Concretely, such planar speakers include metal ribbons, through which electric current is circulated. They also include magnets (to generate a magnetic field) as well as plastic or paper membranes to reproduce sounds.

The invention concerns this type of so-called “plane”, “planar” or “isodynamic” loudspeakers: they are also well known in the art and they have advantages over electrodynamic loudspeakers with conical membranes. In particular, these planar loudspeakers may have better sound dispersion characteristics, compared to the characteristics of cone-diaphragm loudspeakers, because they emit plane waves rather than a "point" source. When listening, there is no sensation of sound projection.

These speakers also have other advantages: when used in large areas, these speakers operate as a dipole emitting identical sound on both sides, producing immersive and natural listening. These are very fast loudspeakers in their vibrational movements because they have a light moving assembly (comprising a membrane associated with a coil), which makes it possible to avoid dragging problems linked to the inertia of the membrane. These isodynamic speakers also differ from electrostatic speakers by having a stable electrical impedance that does not disturb the audio amplifier in its operation. Additionally, these speakers do not require an external power supply.

The limits of “planar”, “planar” or “isodynamic” loudspeakers appear for the reproduction of low and very low frequencies without distortion. The electromotive forces generated by the conductive ribbons are not exerted uniformly on all the surface of the thin membrane, thus causing deformations of it. The good reproduction of low sound frequencies requires significant mechanical movement and good mechanical control of the movements of the membrane is decisive in the good reproduction of the impacts of bass sounds.
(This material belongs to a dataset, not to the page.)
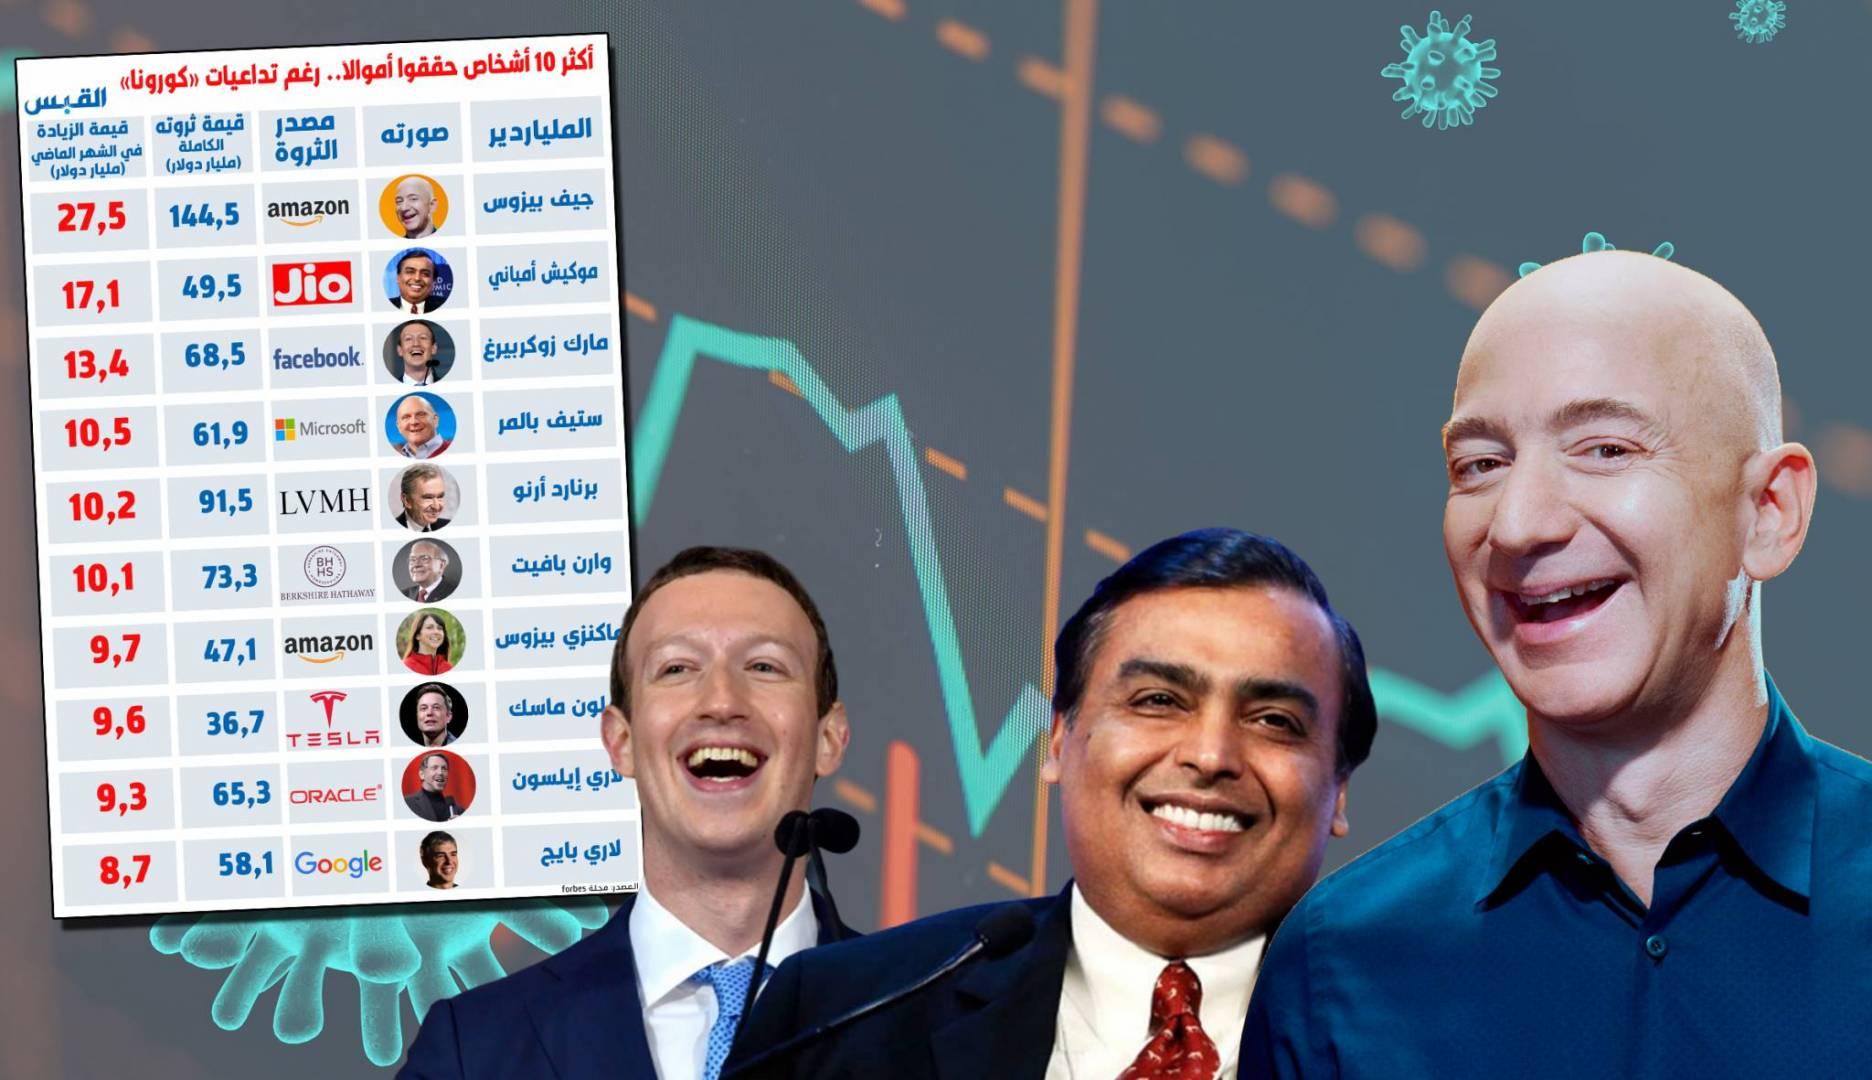 10 أشخاص حققوا 126 مليار دولار.. خلال شهر مارس الماضي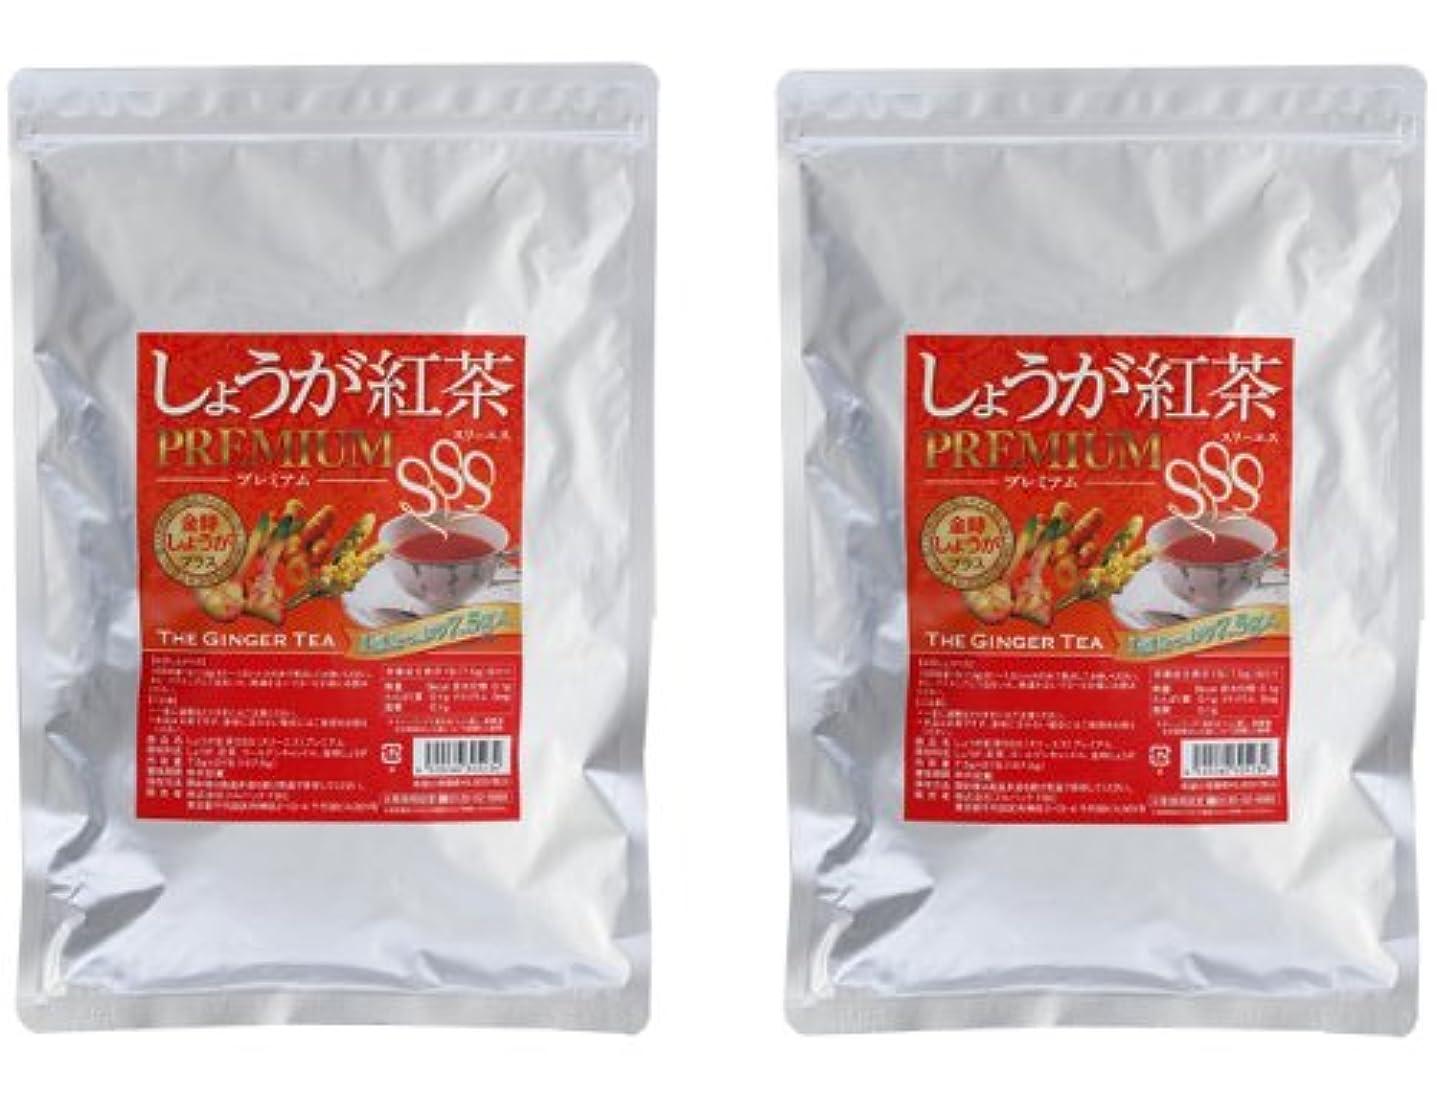 地上で憂慮すべきによるとしょうが紅茶プレミアムSSS 2個セット(金時生姜紅茶ダイエットティー)

From documents WO02059879, GB2123651, FR2137567, US4480155, US6104825, US7142688, different “planar” or isodynamic type speakers are known. However, none of these documents proposes a relevant solution to guarantee good control of the vibrational behavior of a large flat membrane having to reproduce low frequencies.

In its French patent application FR3054767A1, the inventive entity proposed an isodynamic planar loudspeaker offering improved performance.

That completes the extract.